Task item - Exactly the lines from the one containing "Julius Meinl Kaffee Logo" through the one containing "Mario Kart 8" in the listing below are to be copied, with the pictures left out.

Records to use -

- - - - -

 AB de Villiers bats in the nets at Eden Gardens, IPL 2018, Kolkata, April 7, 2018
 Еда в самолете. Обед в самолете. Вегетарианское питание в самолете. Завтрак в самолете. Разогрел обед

- - - - -

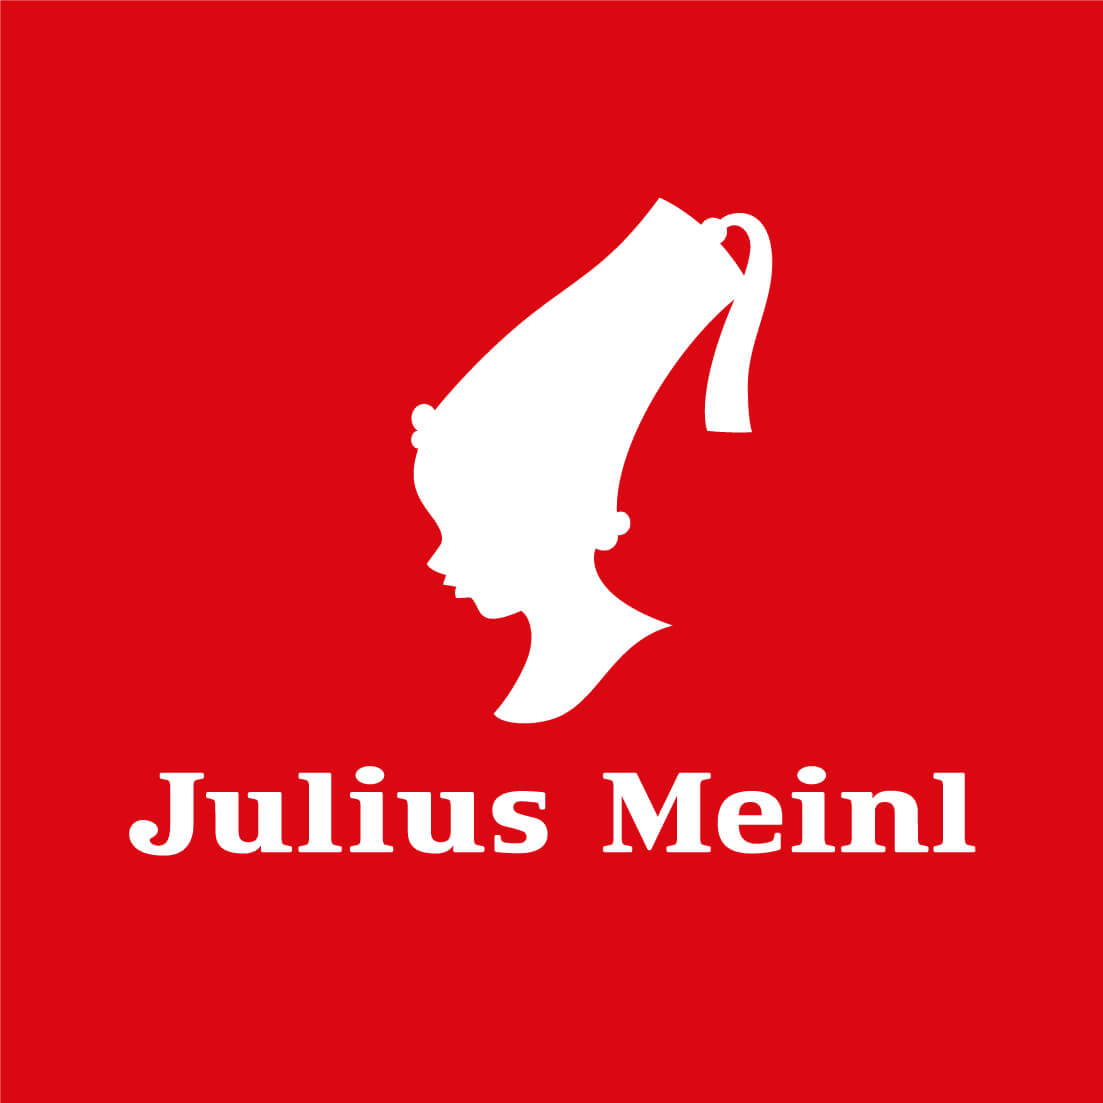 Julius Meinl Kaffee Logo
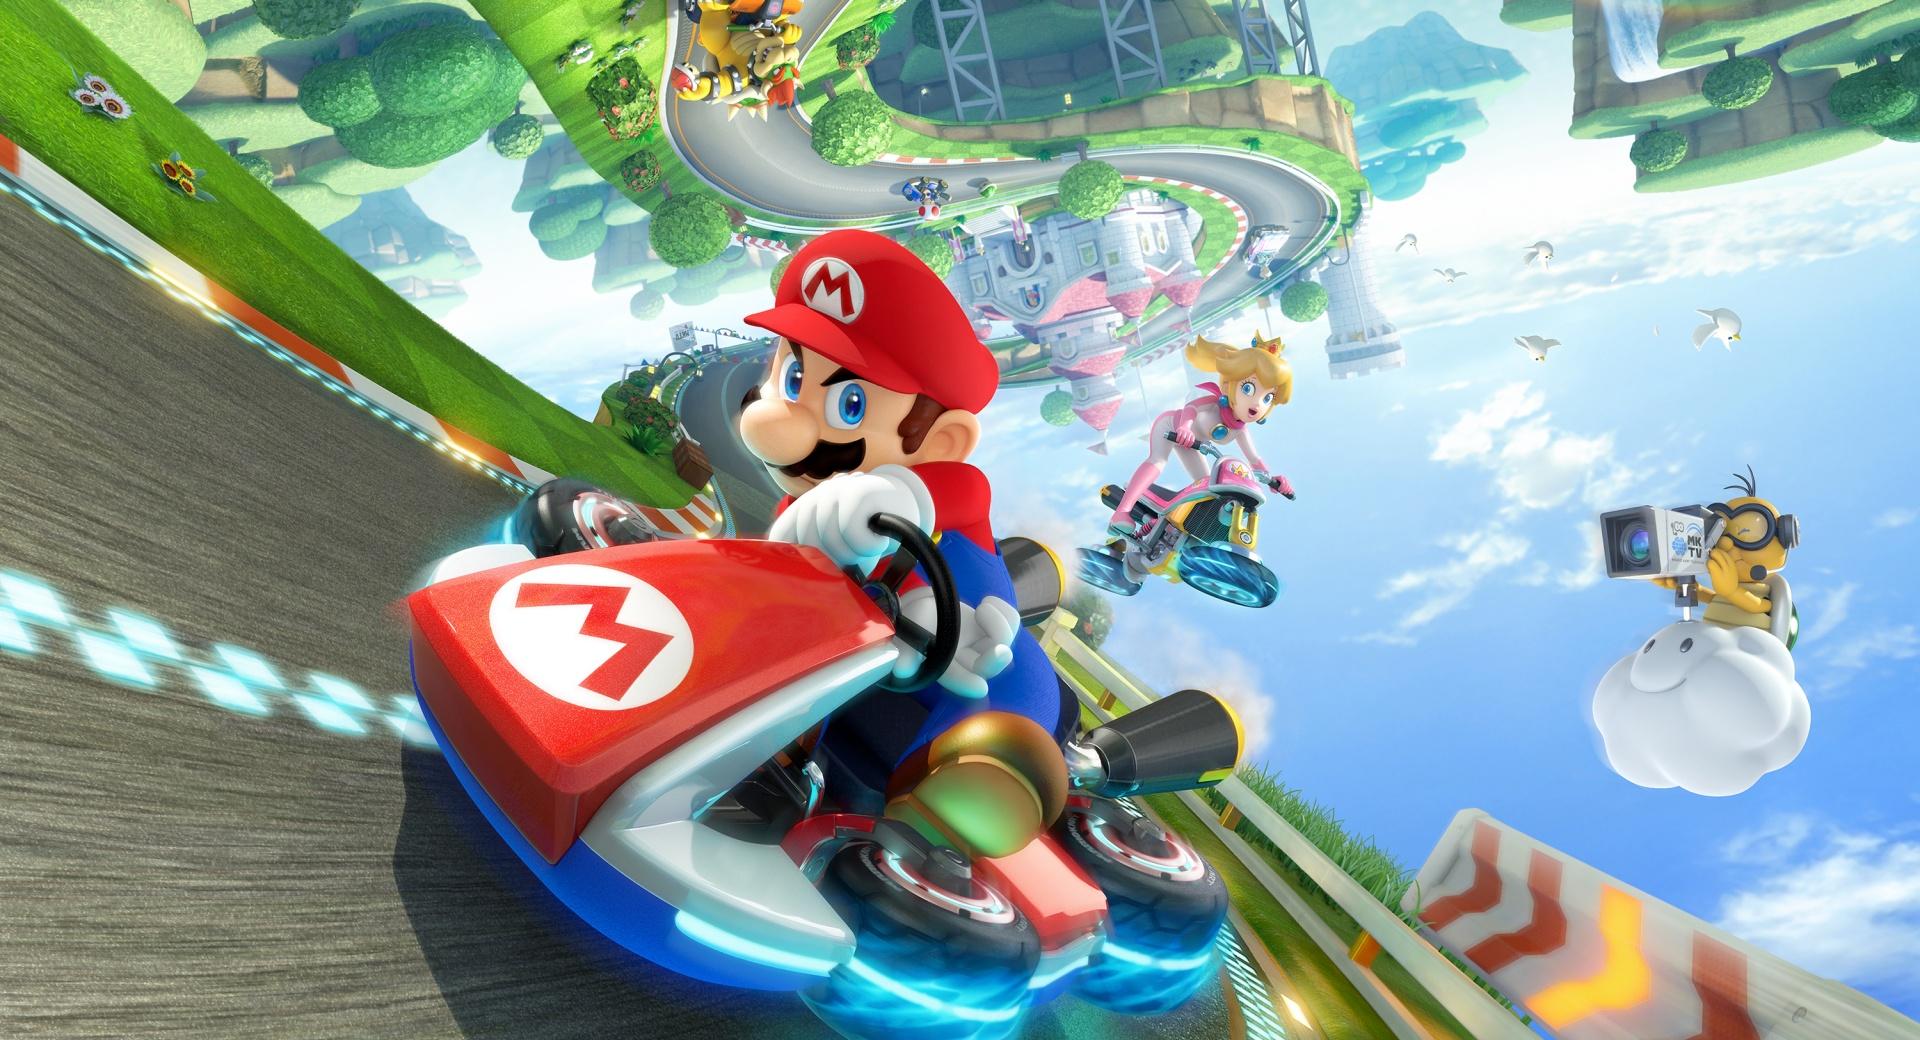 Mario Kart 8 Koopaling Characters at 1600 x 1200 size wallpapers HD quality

- - - - -

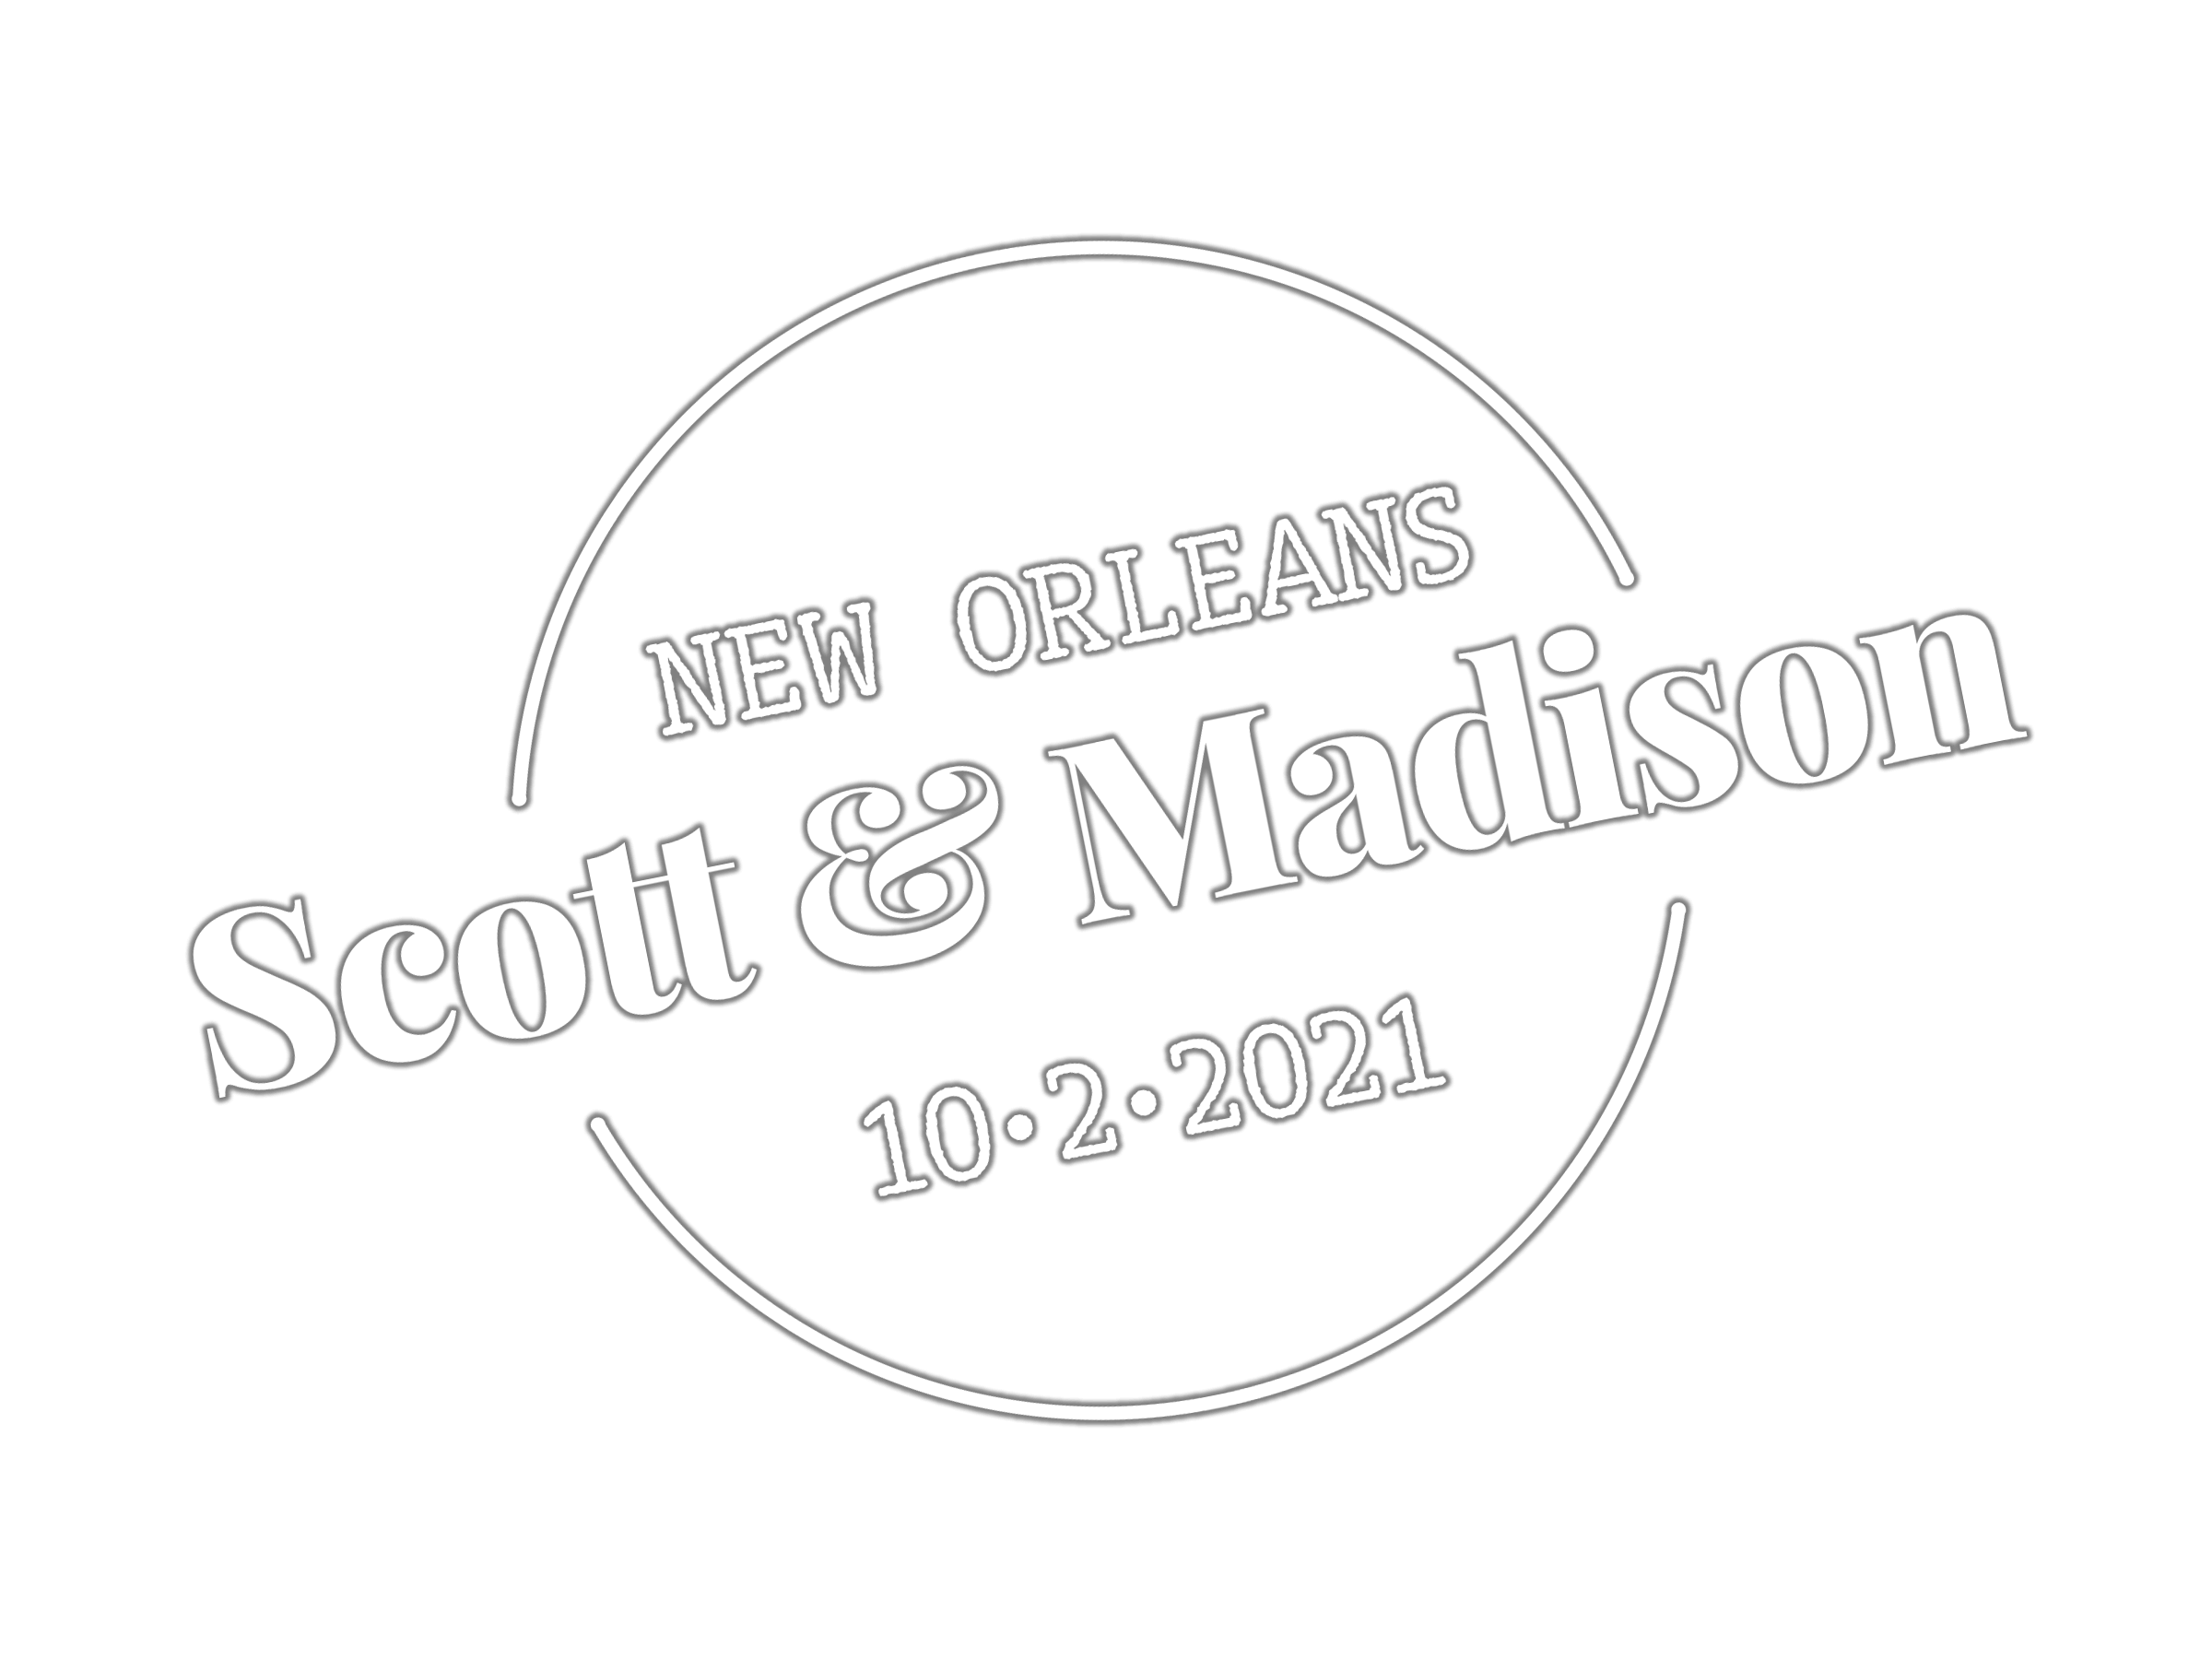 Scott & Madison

- - - - -

Answer box -
 Julius Meinl Kaffee Logo
 Mario Kart 8 Koopaling Characters at 1600 x 1200 size wallpapers HD quality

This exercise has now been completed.